Aviation chief slams airlines for failing to comply with departure rules

Ben-Gurion Airport Manager Shmuel Zakai assails Air Dolomiti, Corsair after 150 passengers were left stranded in terminal.

Passengers asleep at Ben Gurion airport during strike 370 (photo credit: Ben Hartman)
Passengers asleep at Ben Gurion airport during strike 370
(photo credit: Ben Hartman)
Following multiple incidents in which airlines failed to comply with the departure slots assigned to them by Ben-Gurion Airport, officials slammed them for noncompliance and even threatened to curb flights from one of the offending parties.
Ben-Gurion Airport manager Shmuel Zakai sent a harsh letter on Monday to the executives of Italy-based Air Dolomiti and France-based Corsair after an incident last week in which about 150 passengers of the two companies stayed the night in Ben-Gurion Airport, the Israel Airports Authority (IAA) spokesman said.
While their planned flight was supposed to depart at 1 a.m. on the night in question, the plane landed in Israel late and therefore missed its window of departure. In addition, due to the absence of crew members from either airline in the airport at the time, passengers were forced to spend the night and the following day in the terminal.
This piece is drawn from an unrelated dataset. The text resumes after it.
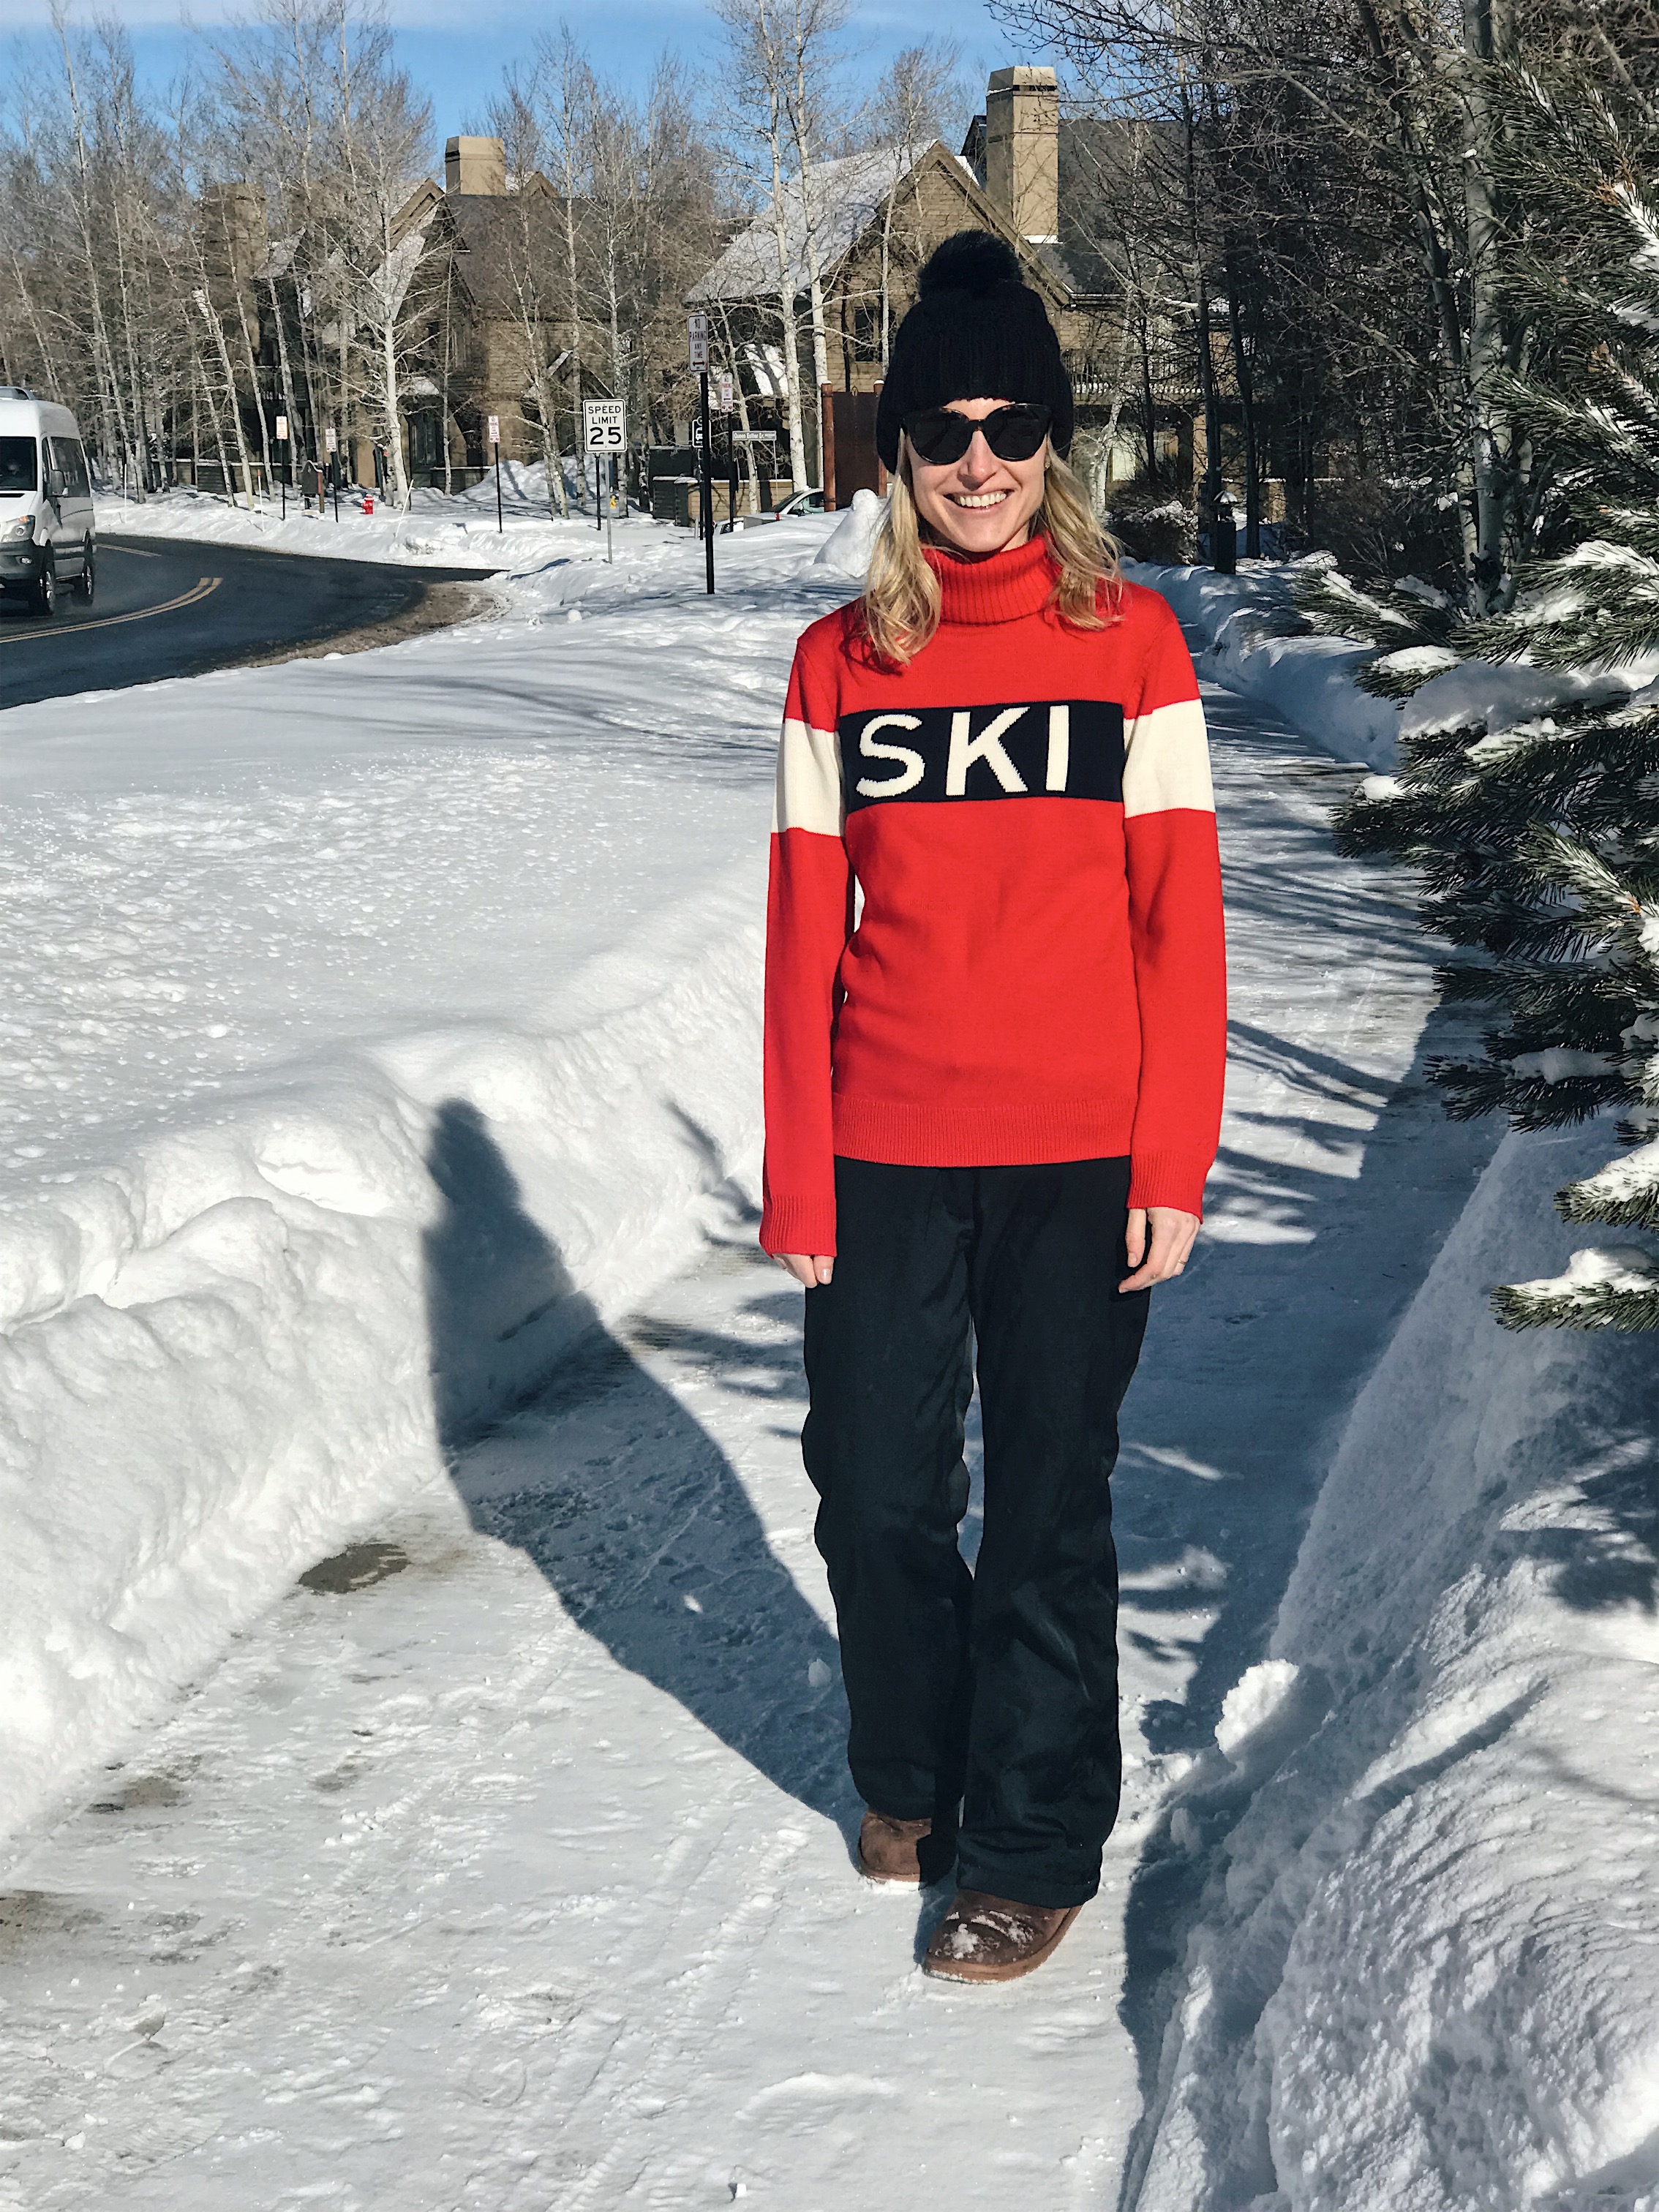 Cette fille aime apres ski jumper sweater top fashion hiver neige cadeau présent

“I will not allow harm to passengers similar to the events that were experienced in the past two weeks,” Zakai wrote. “Airlines that do not function according to the standards accepted in Israel will not be allowed to continue operations from Ben-Gurion Airport, and all that this entails.”
In his letter, Zakai demanded that the airlines strictly keep to the operational schedules assigned to them for exiting Ben-Gurion Airport.
Ben-Gurion Airport closes at night in the summer and winter, and airlines that arrive late are therefore not permitted to open their check-in desks until three hours before their new departure time, the manager emphasized in his letter. Airlines that do not comply with these guidelines will lose their time slots for the relevant season, he added.
Along these lines, Zakai summoned for a second, unrelated incident a representative from Aegean Airlines, after the company recently sold tickets to passengers for a flight whose departure time did not coincide with the exit slot assigned to the airline by the airport. The company’s failure to abide by these rules caused harm to both the passengers and the airport’s planning structure, according to the IAA.
If Aegean Airlines does not provide a reasonable explanation for the incident by Friday, Zakai warned, all of its flights from Ben-Gurion Airport will be canceled as of August 4.